Using Data Extract
Updated: Mar 5, 2012



What Data Extract is:
Data Extract is a tool that extracts over 50 bibliographic fields — as well as the full text — of patent office data and delivers it all to your desktop in file formats suitable for use in many popular applicationsSM, Microsoft's Excel®, ISI ReasearchSoft's EndNote®, Reference Manager®, ProCite® and most standard text editors.

[back to top]



What to use Data Extract for:
Use Data Extract to export patent records from your Work Files or Result Sets for use in other applications.

[back to top]



Overview of the Data Extract control panel:
The following is a high-level overview of the Data Extract control panel:

Screen capture of the Data Extract control panel

[back to top]



How to create a Data Extract:
Initiate the creation of a Data Extract from any query Result Set or any Work File:
  1. In Select format box, indicate the format you want for your extract. Formats are described following.

  2. Choose to Extract either Selected items on this page or All items (up to 20, 000).

  3. If you are choosing to extract Selected Items from this Page, select those items from your Result Set.

  4. If you have chosen one of the CSV or tagged file formats, the Chosen fields box shows a default set of fields based on the fields you have chosen to display on your Result Set — you can remove these fields if you choose.

    In the Available fields box, highlight any fields you want added to your extract and click the blue arrow that points to the right to add them to the Chosen fields box.

    To remove a field from the extract parameters, highlight it in the Chosen fields box and click the blue arrow that points left.

  5. If you have chosen RIS format for EndNote, RefMan or ProCite, the required fields are shown in the Chosen fields box, you cannot remove any of the required fields and there are no additional fields that can be selected.

  6. In the Available fields box, highlight the fields you want added to your extract and click the blue arrow that points to the right to add them to the Chosen fields box.

    To remove an optional field from the extract parameters, highlight it in the Chosen fields box and click the blue arrow that points left.

  7. If you have chosen one of the XML options: in the Available fields box, choose either Bibliographic or Full text with bibliographic.

  8. For CSV and tagged downloads, optionally choose to zip your files for a faster download. Both XML options automatically download zipped.

    For RIS downloads, you can zip your files or choose to directly export into EndNote, Reference Manager or ProCite. To directly export, when you are prompted to either Open or Save your file, choose Open. You will then be asked which program you want to open the data with.

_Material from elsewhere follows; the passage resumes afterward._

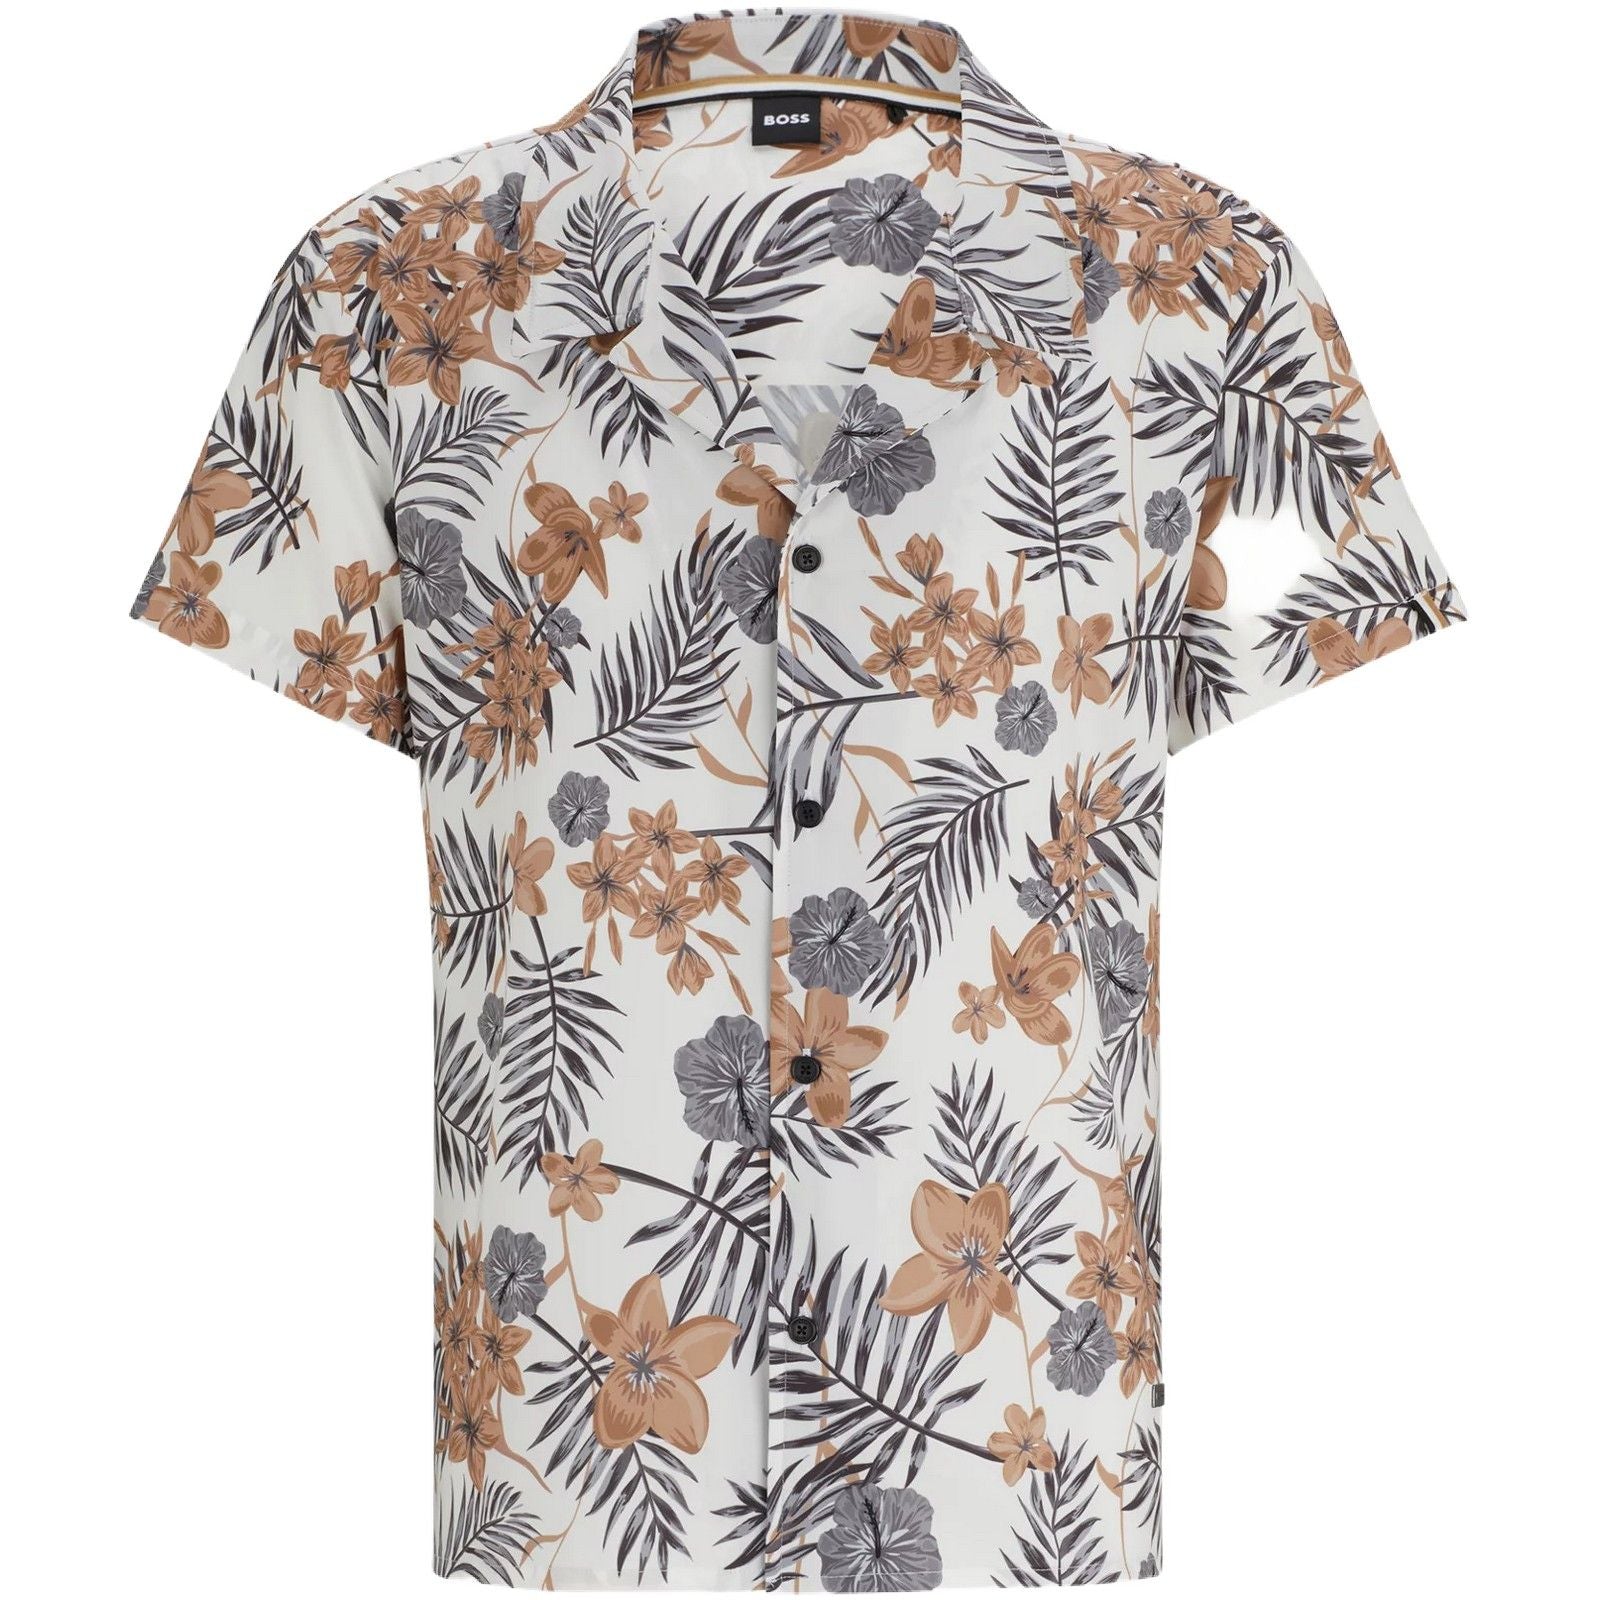 Camicie casual Uomo Hugo Boss - Beach Shirt 10257205 01 - Bianco

Select the program (Endnote, Reference Manager or ProCite) then the integrated Direct Export function completes the process.

  9. Click DOWNLOAD to create Data Extract.

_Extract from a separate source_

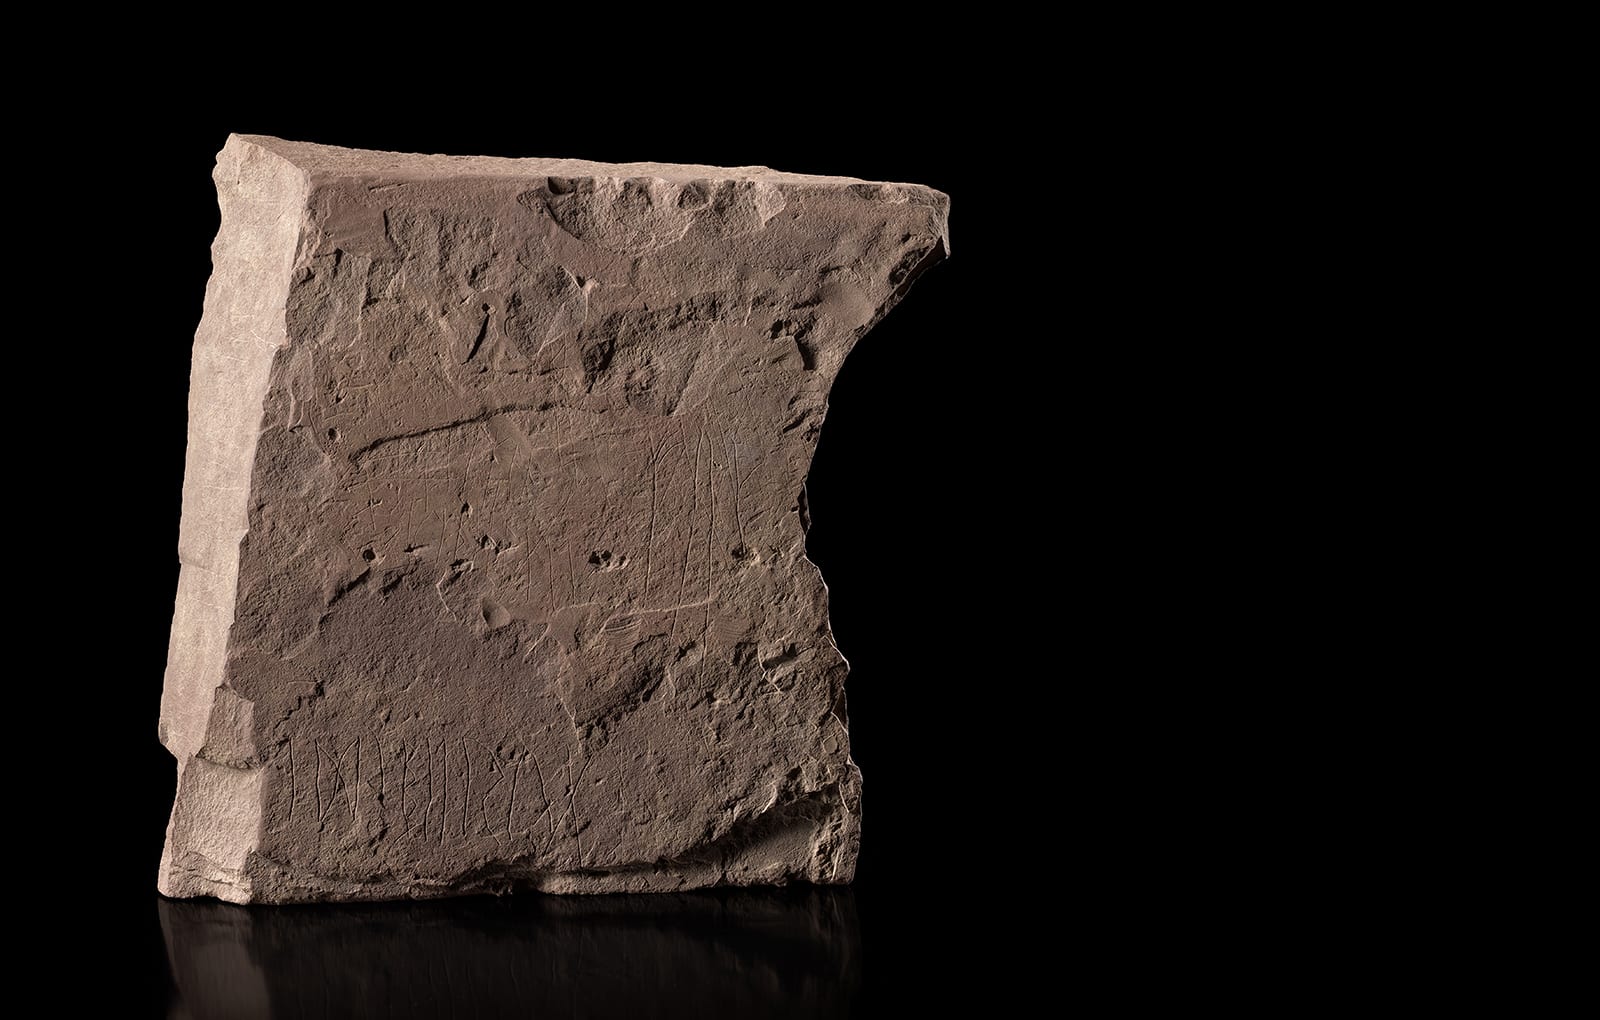 به نقش غامض.. اكتشاف أقدم حجر روني مؤرخ في العالم بالنرويج

  10. Wizard screens will prompt you to open your Data Extract file directly or save it to a disk.
[back to top]



Data Extract formats available with file samples:
Format Description File Type       
CSV Comma separated values, with multiple occurrences of a field shown all in one field.

In most PC operating systems, .csv files are defaulted to open in Microsoft Excel or another spreadsheet program. If your spreadsheet program does not open automatically, open the spreadsheet program first and then open the .csv file. These files can also opened in a regular text editor.

The fields you requested for your extract will be shown in the order you requested with the data items separated by commas. The field names will be shown once at the top of each column.

A list of all field codes and their tags is shown following.
.csv

Sample file

Graphical example
CSV Multi-Fields/Codes Comma separated value with field codes, with multiple occurrences of a field shown as separate fields.

In most PC operating systems, .csv files are defaulted to open in Microsoft Excel or another spreadsheet program. If your spreadsheet program does not open automatically, open the spreadsheet program first and then open the .csv file. These files can also opened in a regular text editor.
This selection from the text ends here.